[Beowulf] 1.2 us IB latency?

Wed Mar 28 13:04:37 PDT 2007

Peter Kjellstrom wrote:
> On Wednesday 28 March 2007, Mark Hahn wrote:
>>>> start timer
>>>> send(other,small-message)		recv(first,small-message)
>>>> recv(other,small-message)		send(first,small-message)
>>>> stop timer
>>>>
>>>> I'll actually see 2.4 us between the timer calls?  if I understand,
>>>> aggregation would only help on a streaming test.  in fact, this kind
>>>> of isolated RPC-like exchange is what I see most commonly.
>>> Assuming you could time it with any accuracy, yes.
>> that's not an issue - rdtsc is perfectly good into the tens of ns range.
> 
> I'll have to hack together a rdtsc based mpi microbenchmark some day it seems 
> =)

Might I suggest just passing a MPI_INT back and forth and decrementing it
each time to insure that the message makes it all the way to userspace
before heading back to the other node?  Seems like it would allow for
easier timing (with gettimeofday) and also take into account various real
world effects like interrupts and schedule effects.  I guess it depends
if you want marketing numbers or real world numbers ;-).

Additionally you might want to do this in parallel, after all few clusters
let their communication layer sit idle while a single pair of nodes 
communicate.  Additionally you might want all possible pairs to communicate to 
see what effect locality has, this might be especially useful for comparing
interconnect layers with various fractions of backplane bandwidth and
differing methods for handling contention.

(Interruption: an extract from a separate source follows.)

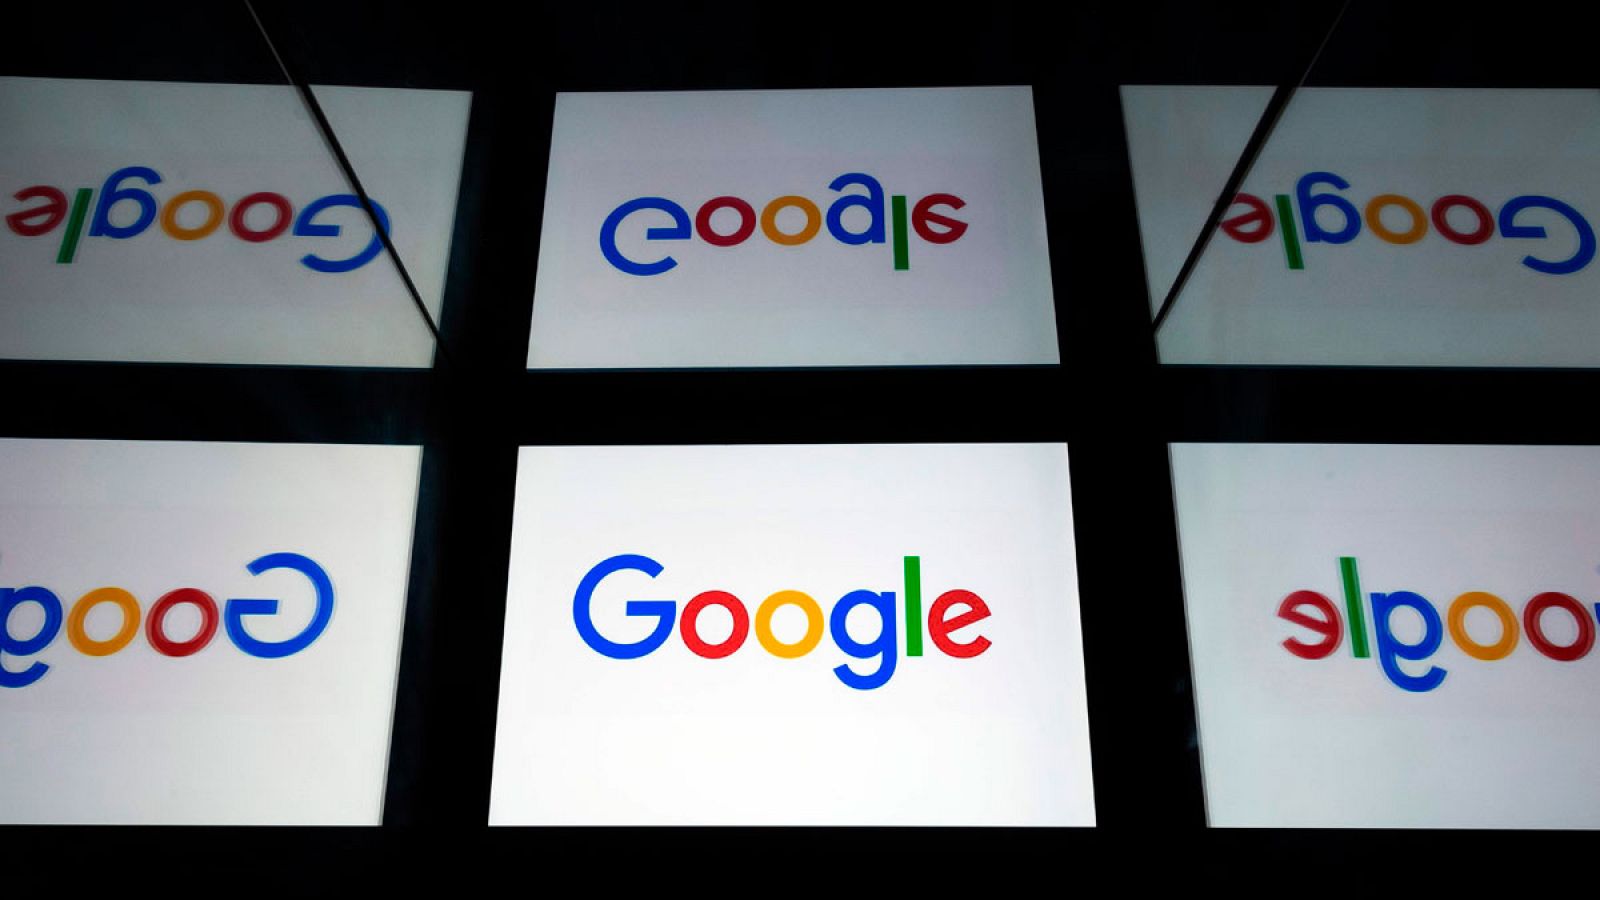 La OCDE propone una Tasa Google mundial para que los gigantes digitales paguen en función de dónde estén sus usuarios. La propuesta se debatirá en el G20 de la próxima semana para intentar cerrar un acuerdo.

I've written a code that does the above, it's still somewhat raw, I've
yet to add some sanity checking and command line options to avoid recompiling,
both high on my todo list.

I do have some data from an infinipath cluster nto post, this data set is for 
4 processors per node on 64 nodes (or a 177 node cluster) each node has a 
single port on a 288 port IB switch:
   http://cse.ucdavis.edu/~bill/n64p256/band_results.txt
   http://cse.ucdavis.edu/~bill/n64p256/lat_results.txt

They should be easy to visualize, I personally use gnuplot' splot "filename" 
matrix.  To see 32 node, with a single process per node numbers just replace
the directory name above with "n32p1".

> Sorry for being unclear here. What I wanted to say was that, unrelated to 1.5 
> us ping-pong on mpi I have also observed verbs level latency (ib_write_lat) 
> of around 1 us. And that figure is not affected by any mvapich trickery :-).

Good to hear, I'll hailly source if you (or anyone else) is willing to run my 
benchmark.